Bu tip işbirlikleri bilhassa ilk günlerinde genellikle iyi, kötü ve bazen de çirkin denilebilecek aşamalardan geçer. Balıkçılık endüstrisine yönelik standartlar belirleyen bir ortaklık olan Denizcilik Yönetimi Konseyi’nin (MSC) başı ilk birkaç yıl boyunca sık sık değişen elemanlar ve istikrarsız fonlama nedeniyle çok ağrımıştı.

Ancak son 10 yıldır fevkalade etkili bir güç haline geldi. Onun sertifikalandırma standartları bugün global deniz mahsülleri hasadının yüzde 10’unu kapsıyor ve global müşterilerin neredeyse dörtte biri alışverişlerinde MSC etiketini görmek istiyor. Bu oran ise 100’ü aşkın ülkede satılan 20 binden fazla ürün demek.

Bu gibi işbirliklerinin nasıl işlediklerini anlamak için düzinelerce şirket, hükümet ve STK liderleriyle mülakatlar gerçekleştirdik. Yaptığımız bu araştırmanın ardından da başarının ardında yatan 7 temel prensip tanımladık.~

İşbirliği gerektiren net sebepler tanımlayın
“Ortak kuruluşlardan her birinin önemli bir şeyler başarmaları için gerek duyulan girişim. ‘Biz bunu kamu yararına yapacağız’ veya ‘Biz bu işin dışında kalmak istemiyoruz’ gibisinden hedefler yeterli değildir”.
- Nigel Twose, Etki Yaratma Bölümü Direktörü, Uluslararası Finans Kurumu, Dünya Bankası Grubu

Organizasyonlar sadece hayır demek veya dışında kalmak istemedikleri için sürdürülebilir bir ortaklığa imza attıklarında, adanmışlıkları zayıf kalabilir. Yeni doğmakta olan bir ortaklığın kurucularının ise onun yerine güçlü nedenler tanımlamaları gerekir:

Örneğin balık rezervleri, temiz içme suyu veya ormanlar gibi kârlı kaynakların veya girdilerin uzun vadeli kalıcılığını sağlamak veya onları işletmek için ruhsat vermek gibi. Eğer katılımcılar, bu gibi motivasyonları tam olarak saptayamazsa bu misyonun eğreti tanımlandığının bir işareti olabilir.

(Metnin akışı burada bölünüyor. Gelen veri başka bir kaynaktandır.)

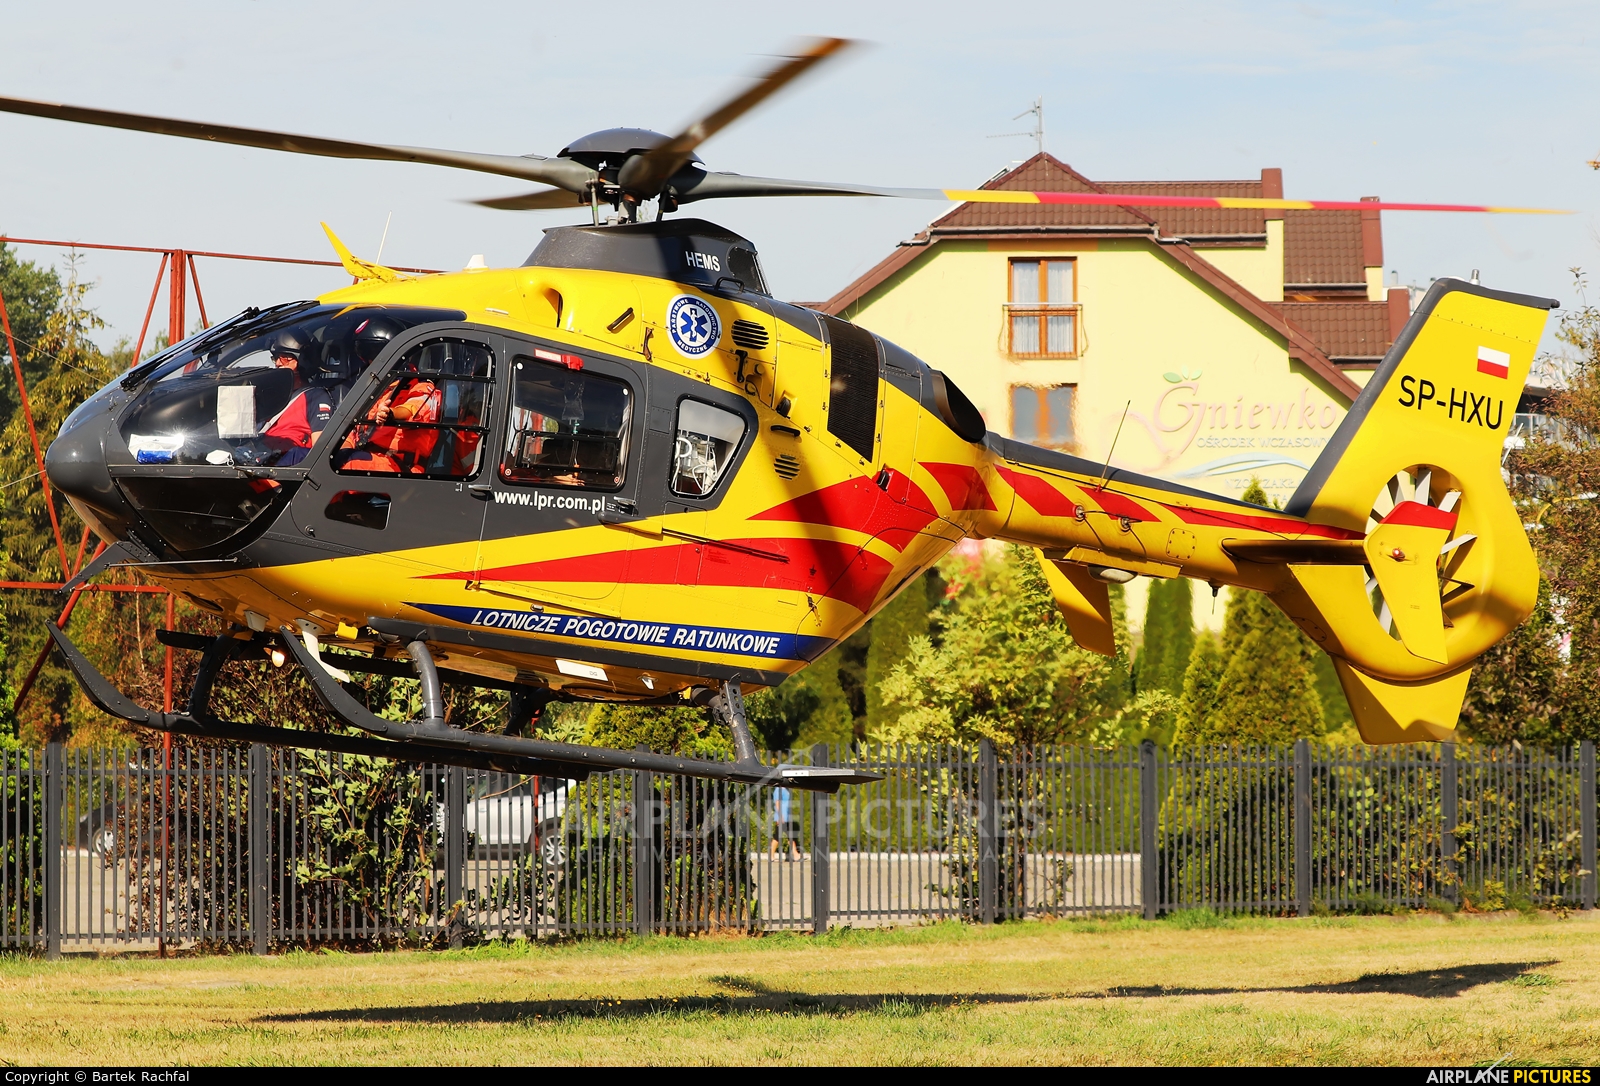 Polish Medical Air Rescue - Lotnicze Pogotowie Ratunkowe SP-HXU aircraft at Darłowo

Herhangi bir işbirliği, temel dürtüleri ister ticari, ister çevreci ister ise sosyal olsun bütün taraflar için bir anlam ifade etmek zorundadır. Gerçekten tek sürdürülebilir güdü net şekilde tanımlanmış kişisel çıkardır. Kanada’daki Kum Petrolü İnovasyon Birliği’ni oluşturan şirketler için de kesinlikle bu geçerliydi.

Bu aslında Kanada’nın katranlı kumlarından petrol çıkaran şirketlerin kurduğu bir organizasyon. Hedefleri ise kamuoyunda ciddi tartışmalara sahne olacak bir endüstrinin çevresel performansını artırmak için AR-GE çalışmalarını paylaşmak.~

Bazen dışsal olaylar farklı oyuncuları bir değişikliğin kaçınılmaz olduğunu kabullenmeye zorlayabilir. Kuzey Atlantik’te Grand Banks morina balıkçılığının 1990’ların başında ölmesiyle ticari balıkçılık sektörü sürdürülebilir balık hasadı teknikleriyle daha fazla ilgilenmeye başlamış ve MSC’nin kurulması için gerekli zemini yaratmıştı.

Büyük bir soruna kıyasla küçük bir sorun çerçevesinde işbirliğine gitmek çok daha zor olabilir, çünkü ona çözüm bulmanın ödülü ya insanları yeterince heyecanlandırmaz ya da harcanan çabaya değmez. Sadece kamuoyunda dikkatleri üzerine çekmeye yarar. Her ne kadar hiç kimsenin sadece PR amaçlı olarak bir ortaklığa katılmaması gerekirse de reklam ve ilerleme el ele birlikte de gidebilir. İlgi odağı olmak çok daha fazla destek sağlayabilir, itibar artırabilir ve momentum yaratabilir.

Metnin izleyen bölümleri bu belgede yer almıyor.